The Big Data concept is still relatively new but the concept inside is very old: If you have more and more data, you can eliminate ambiguity and there are less requirements of hunches since data are self-explanatory.
That is a very old idea coming from I.T. people. However, reality always insisted in delaying the moment when that can be accomplished. There are two problems to get there:
- As data grow, it is more necessary a context analysis to decide which one are relevant and which others can be safely ignored.
- At the other side of the table, we could have people trying to misguide automatic decision supporting systems. Actually, the so-called SEO (Search Engine Optimization) could be properly renamed GAD (Google Algorithm Deception) to explain more clearly what it is intended to do.
Perhaps, by now, Big Data could be less prone to the second problem than anyone performing Web Analytics. Web has become the battlefield for a quiet fight:
By one side, the ones trying to get better positions for them and the positive news about them. These are also the ones who try to hide negative news throwing positive ones and repeating them to be sure that the bad ones remain hidden in search results.
By the other side, we have the Masters of Measurement. They try to get magic algorithms able to avoid tricks from the first ones, unless they decide paying for their services.
Big Data has an advantage over Web data: If a company can have its own data sources, they can be more reliable, more expensive to deceive and any attempt could be quite easily visible. Even though, this is not new: During the II World War, knowing how successful a bombing had been was not a matter of reading German newspapers or listening to German radio stations.
The practice known as content analysis used indirect indicators like funerals or burials information that could be more informative if and only if the enemy did not know that these data were used to get information. In this same context, before D-Day, some heavily defended places with rubber-made tanks tried to fool reconnaissance planes about the place where the invasion was to start. That practice has remained for a long time. Actually, it was used even in the Gulf War, adding to the rubber tanks heat sources aimed to deceive infrared detectors, who should get a similar picture to the one coming from running engines.
Deceiving Big Data will be harder than deceiving Internet data but, once known who is using specific data and what is doing with them, there will be always a way to do this. An easy example: Inflation indicators: A Government can decide changing the weight in the different variables or changing prices of Government-controlled prices to get a favorable picture. In the same way, if Big Data is used to give information to external parties, we should not need someone from outside trying to deceive the system. That should be done from inside.
Anyway, the big problem is about the first point: Data without a context are worthless…and the context could be moving faster than any algorithm designed to give meaning to the data. Many surprising outcomes have happened in places where all the information was available. However, that information has been correctly read only after a major disaster. For instance, emergence of new political parties could be seen but, if major players decided to dismiss them, it comes as a surprise for them, even though data were available. The problem was in the decision about what deserves to be analyzed and how to do it, not in the data themselves.

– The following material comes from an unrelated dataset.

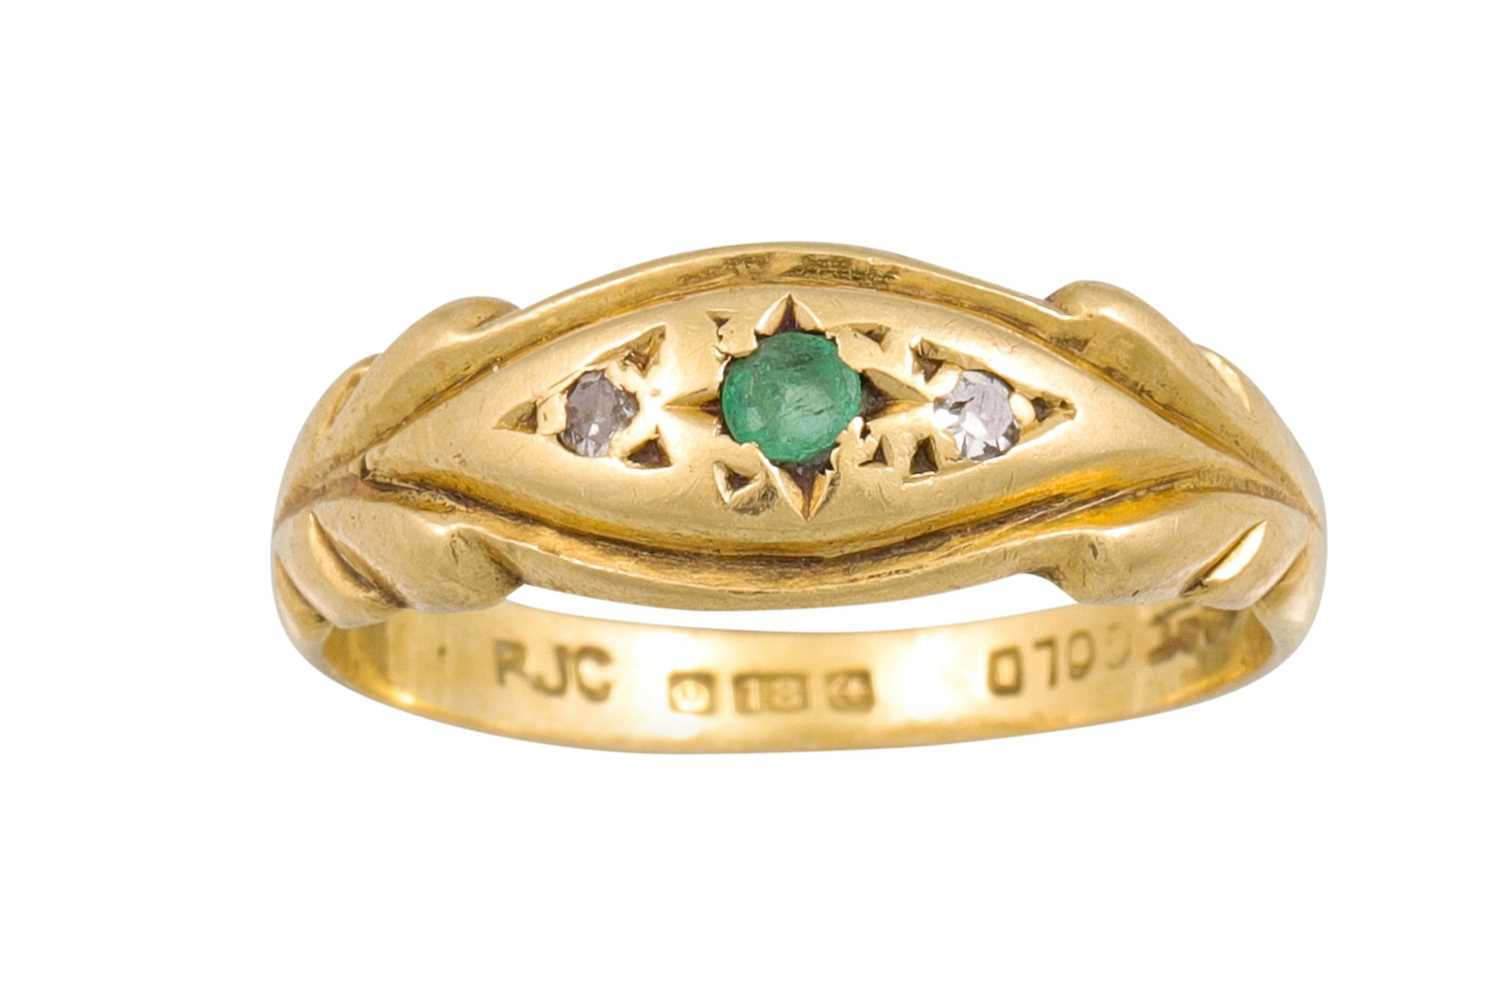 Lot 334 - A VINTAGE 18CT GOLD RING, set with an

Other times, the problem comes from fast changes in the context that are not included in the variables to analyze. In the case of Spain, we can speak about the changes that 11M, and how it was managed by the different players, supposed in the election three days after. In another election, everybody had a clear idea about who was going to get a position that required an alliance. Good reasons advised an agreement and data showed that everybody was sure that the agreement was coming…but it wasn’t. One of the players was so sure that things were already done that tried to impose conditions that the other players saw as unacceptable. Consequence: The desired position was to the hands of a third player. Very recently, twopeople, both considered as growing stars, can have spoiled their options in minor incidents.
In short, we can have a huge amount of data but we cannot analyze all of them but the ones considered as relevant. At doing that, there is not an algorithm or an amount of data that can be a good replacement for an analysis performed by human experts. An algorithm or automatic system can be fooled, even by another automatic system designed to do that, context analysis can lose important variables that have been misjudged and sudden changes in the context cannot be anticipated by any automatic system.
Big Data can be helpful if rationally used. Otherwise, it will become another fad or worse: It could become a standard and nobody would dare deciding against a machine with a lot of data and an algorithm, even when they are wrong.